Every interior edge belongs to exactly two triangles. In the counterclockwise boundary traversal of those two triangles, that edge is traversed in opposite directions. Since the orientation of the edge itself is fixed, its contribution to one triangle is the negative of its contribution to the other. Hence all interior-edge contributions cancel.

Therefore

$$\sum_T s(T)$$

is equal to the total contribution of the $12$ boundary edges of the hexagon.

Let $A$ be the number of boundary edges along which the labels increase when the boundary is traversed counterclockwise, and let $D$ be the number of boundary edges along which they decrease. Then

$$A+D=12,$$

and the boundary contribution equals

$$A-D.$$

The boundary vertices carry distinct numbers. If every boundary edge were decreasing in the counterclockwise direction, then after going once around the boundary we would obtain a strictly decreasing cycle of numbers, which is impossible. Hence

$$A\ge1.$$

Consequently,

$$A-D=A-(12-A)=2A-12\ge2\cdot1-12=-10.$$

Thus

$$P-N=\sum_T s(T)\ge-10.$$

Together with $P+N=24$, this gives

$$2P=(P+N)+(P-N)\ge24-10=14.$$

Hence

$$P\ge7.$$

So among the $24$ triangles there are at least $7$ whose vertex numbers are arranged in increasing order when read counterclockwise.

This completes the proof.

Verification of Key Steps

The first delicate point is the computation of $s(T)$. Take a triangle whose counterclockwise labels are $1,2,3$. The edge orientations are $1\to2$, $2\to3$, and $1\to3$. Along the counterclockwise boundary, the first two edges are traversed in the same direction as their orientations, while the third is traversed from $3$ to $1$, opposite to its orientation. The value is therefore $2-1=1$. Repeating the calculation for a noncyclic order such as $1,3,2$ gives $1-2=-1$. No other values occur.

The second delicate point is the cancellation of interior edges. An interior edge is shared by exactly two small triangles. The counterclockwise boundary walk of one triangle traverses the edge in one direction, while the counterclockwise boundary walk of the other traverses it in the opposite direction. Since agreement and disagreement are exchanged, the two contributions sum to zero.

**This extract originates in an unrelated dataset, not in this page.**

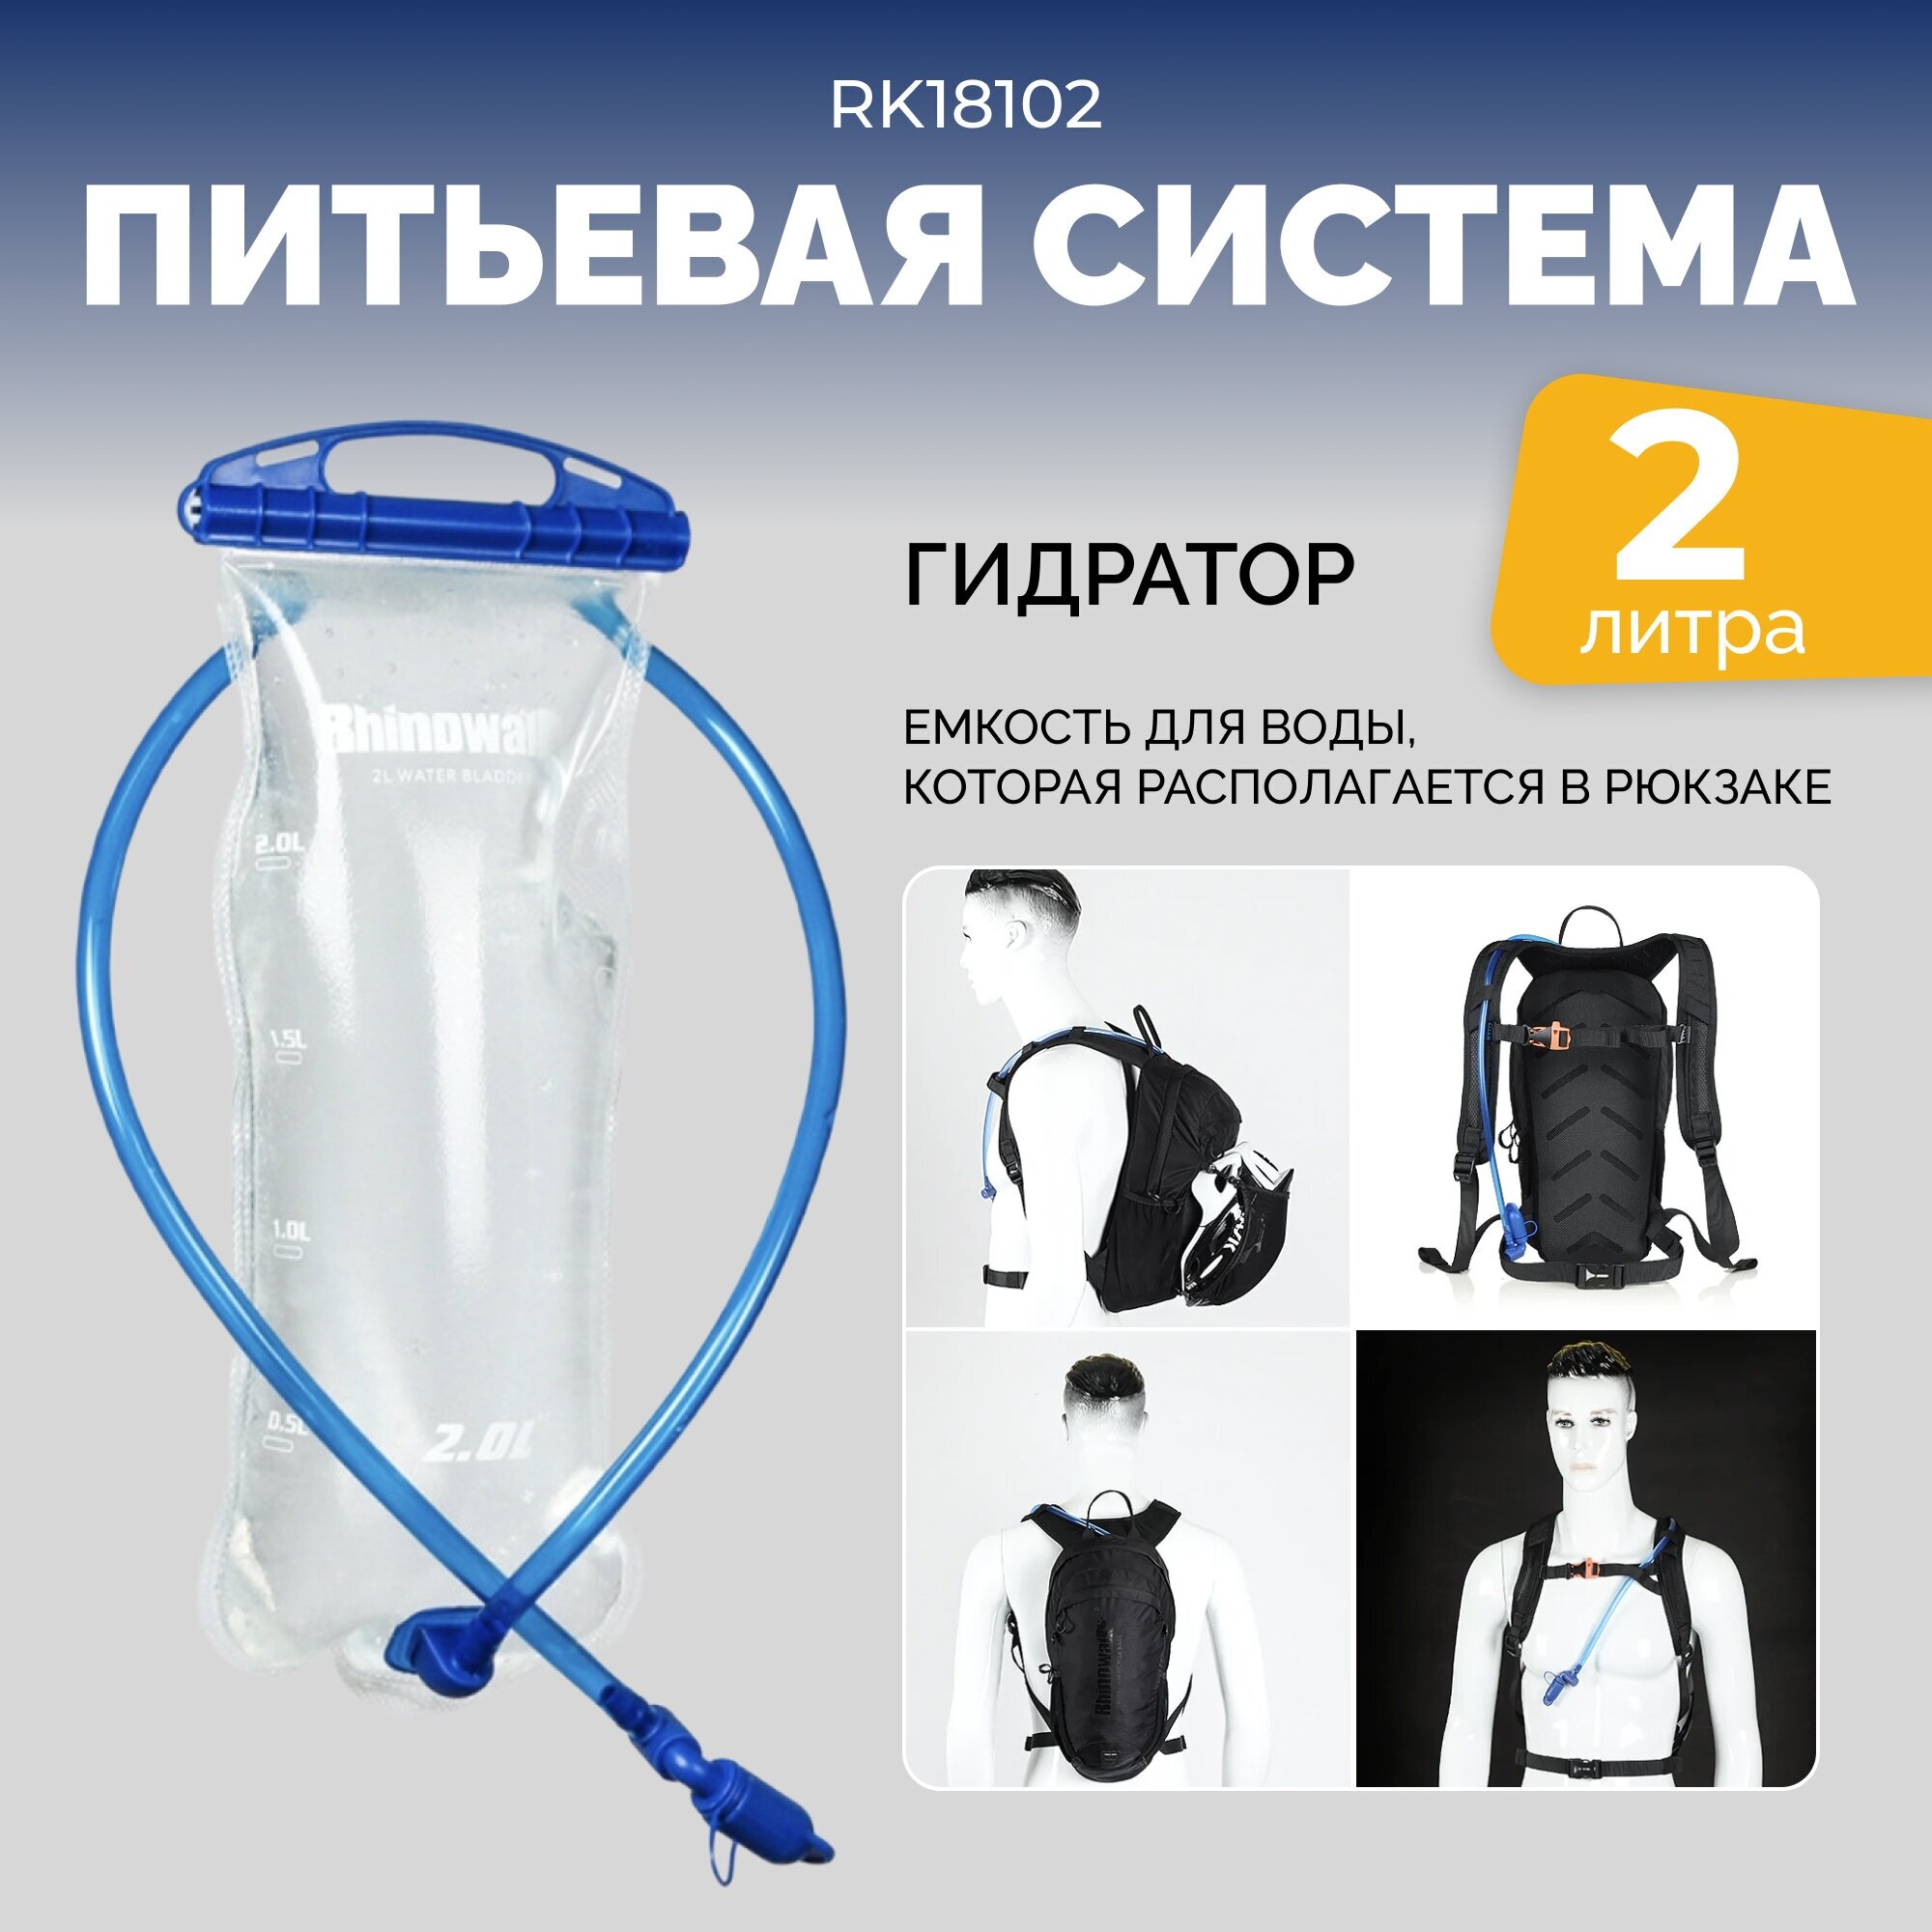 Гидратор, питьевая система, мягкая фляга Rhinowalk 2 Литра RK18102

The third delicate point is the estimate of the boundary contribution. A careless argument might assume equal numbers of increases and decreases. That is false for a cyclic sequence. What is true is that there must be at least one increase and at least one decrease. For a cycle of $12$ distinct numbers, the smallest possible value of $A-D$ occurs when $A=1$ and $D=11$, yielding $-10$. This is exactly the bound needed.

Alternative Approaches

One may reformulate the proof in terms of a discrete circulation. Assign to every oriented edge the value $+1$ when traversed in the direction from the smaller label to the larger label and $-1$ in the opposite direction. The sum around the boundary of a small triangle is then $+1$ or $-1$ according to whether the triangle is increasing counterclockwise or not. Summing over all triangles converts the problem into a boundary integral over the outer hexagon, after which the same estimate on the $12$ boundary edges yields the result.

The edge-cancellation approach used above is preferable because it makes the telescoping completely transparent and reduces the whole problem to a single count on the boundary cycle.